Other options in opiate addiction include methadone, another opiate that doesn’t produce the same high, but is available only at specialized clinics that distribute the drug daily because of its potential for abuse. Naltrexone blocks the effects of opiates and is also available in a once monthly shot called Vivitrol. Naloxone, better known by brand name Narcan, can reverse an opiate overdose if given immediately, but is not a long-term fix.

Buprenorphine is considered to be the best available option because it limits cravings and does not cause withdrawal symptoms. Because of the chance of the drug getting diverted to other people, doctors are only allowed to prescribe buprenorphine to 100 patients, but the White House has recommended the rule be expanded to 200 patients.

The implant includes four rods, smaller than matchsticks, that work like hormonal birth control implants to slowly release the medication when inserted underneath the upper arm. Candidates for the implant must be stable in their recovery and already taking a low dose of oral buprenorphine.
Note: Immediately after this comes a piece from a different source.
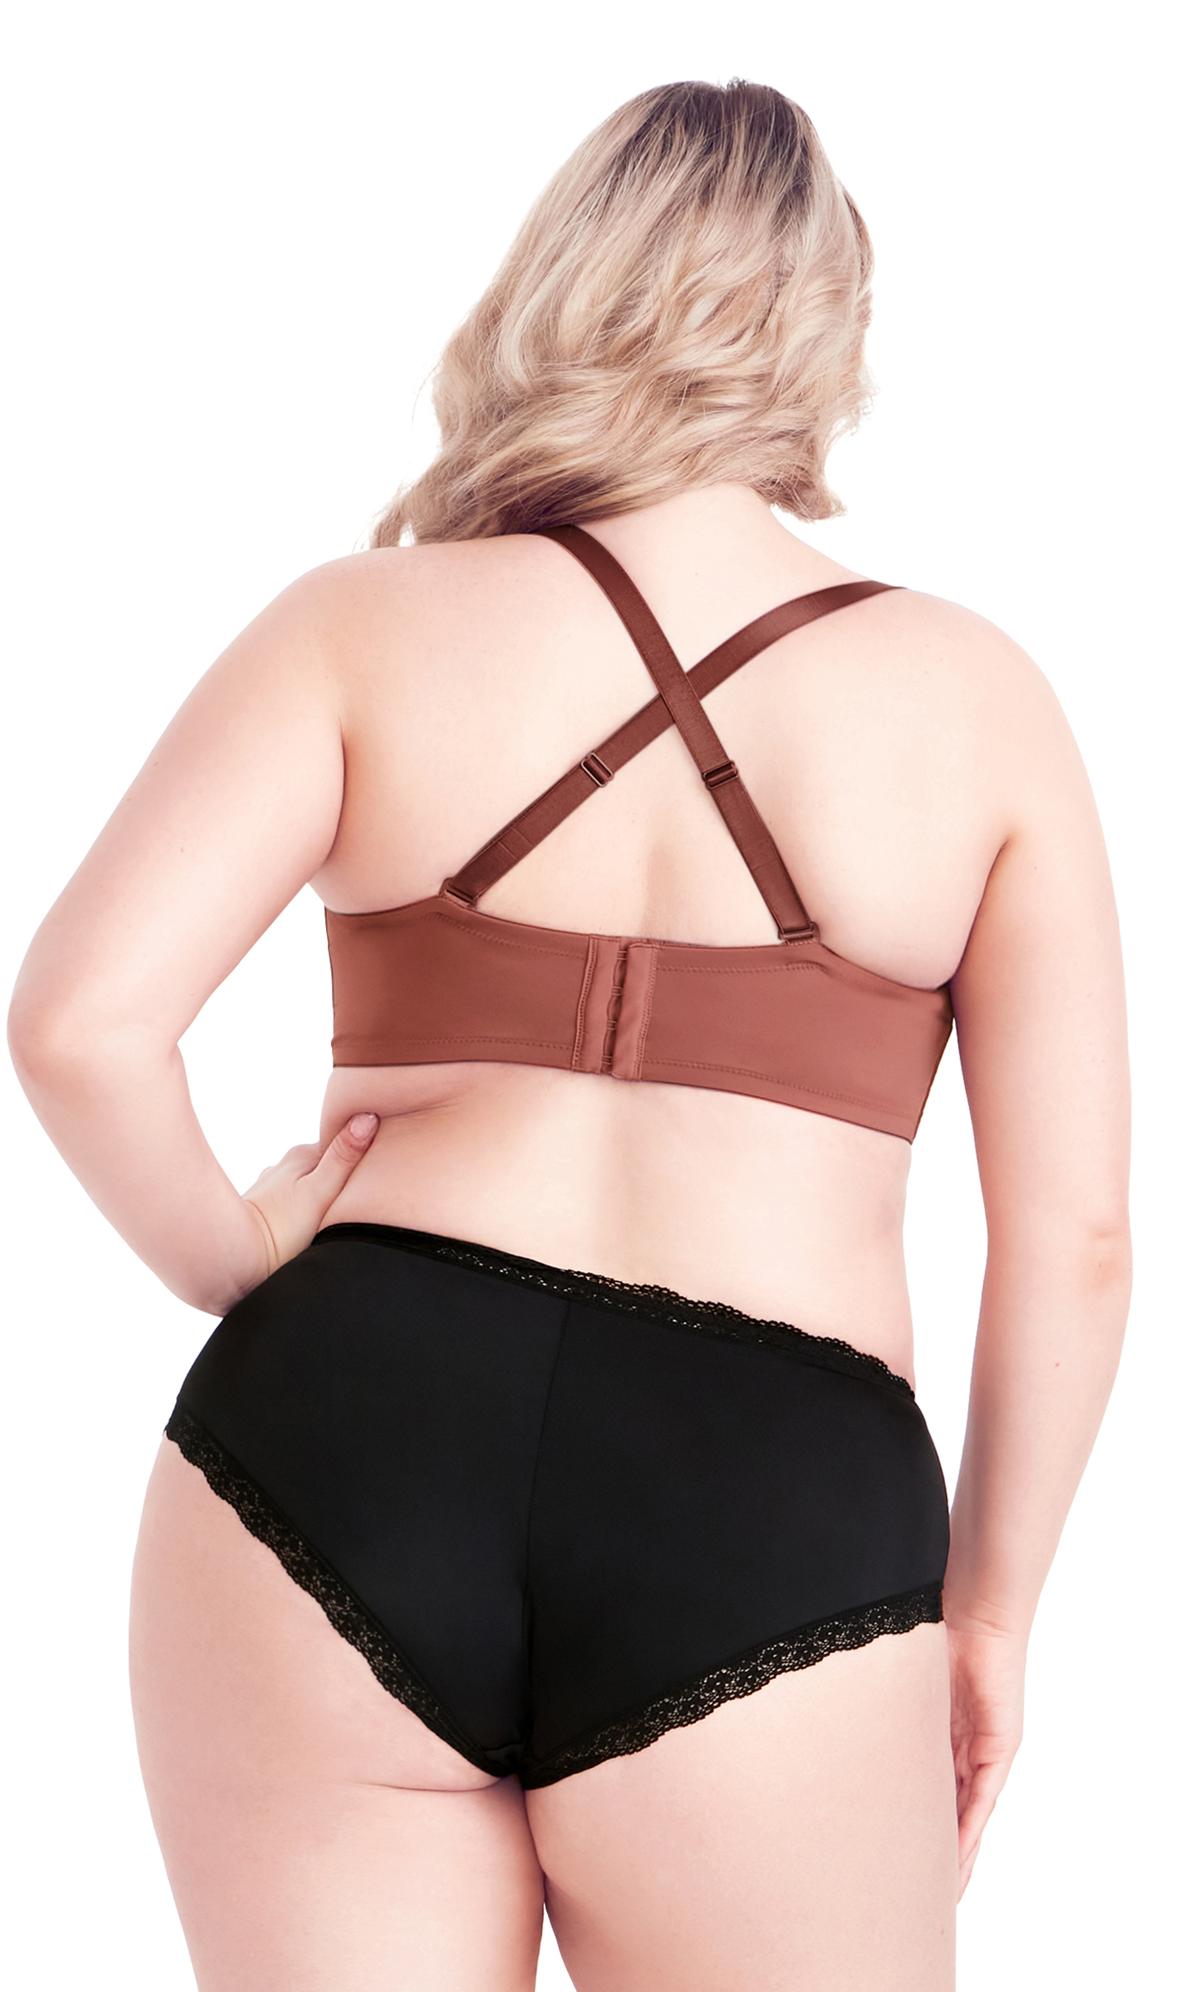 visible bra straps  Glenys' Rome & Beyond

Proponents of the implant said it could be useful in the prison population and among rehabilitation patients to ensure compliance. Those being released from secure environments are at high risk for relapse and could also be good candidates, supporters said.

Doctors who insert and remove the implant under a local anesthesia would require some training. The company marketing the implant, New Jersey-based Braeburn Pharmaceuticals, did not release any information on its cost. Whether it would be covered by insurance is not yet known.

Critics who testified to the FDA committee said the effectiveness of the implant has not been proved in enough patients. Some said that intravenous drug users might not be averse to removing the implant themselves and reselling it. They also raised questions about the long-term viability of the implants, since former drug addicts can require medication for years to avoid relapsing.

Another downside with a six-month implant is the potential for fewer doctor visits for behavioral therapy, said Percy Menzies, president of Assisted Recovery Centers of America, a local addiction center.

“Behavioral modification is a very important part of recovery, we can’t just give them a medication and expect them to get well,” he said.

Still, Menzies said the benefits of the implant outweigh the risks.

“We are looking forward to any new weapon because the heroin tsunami is unremitting,” he said. “By introducing the implant you have a fighting chance of people staying in treatment.”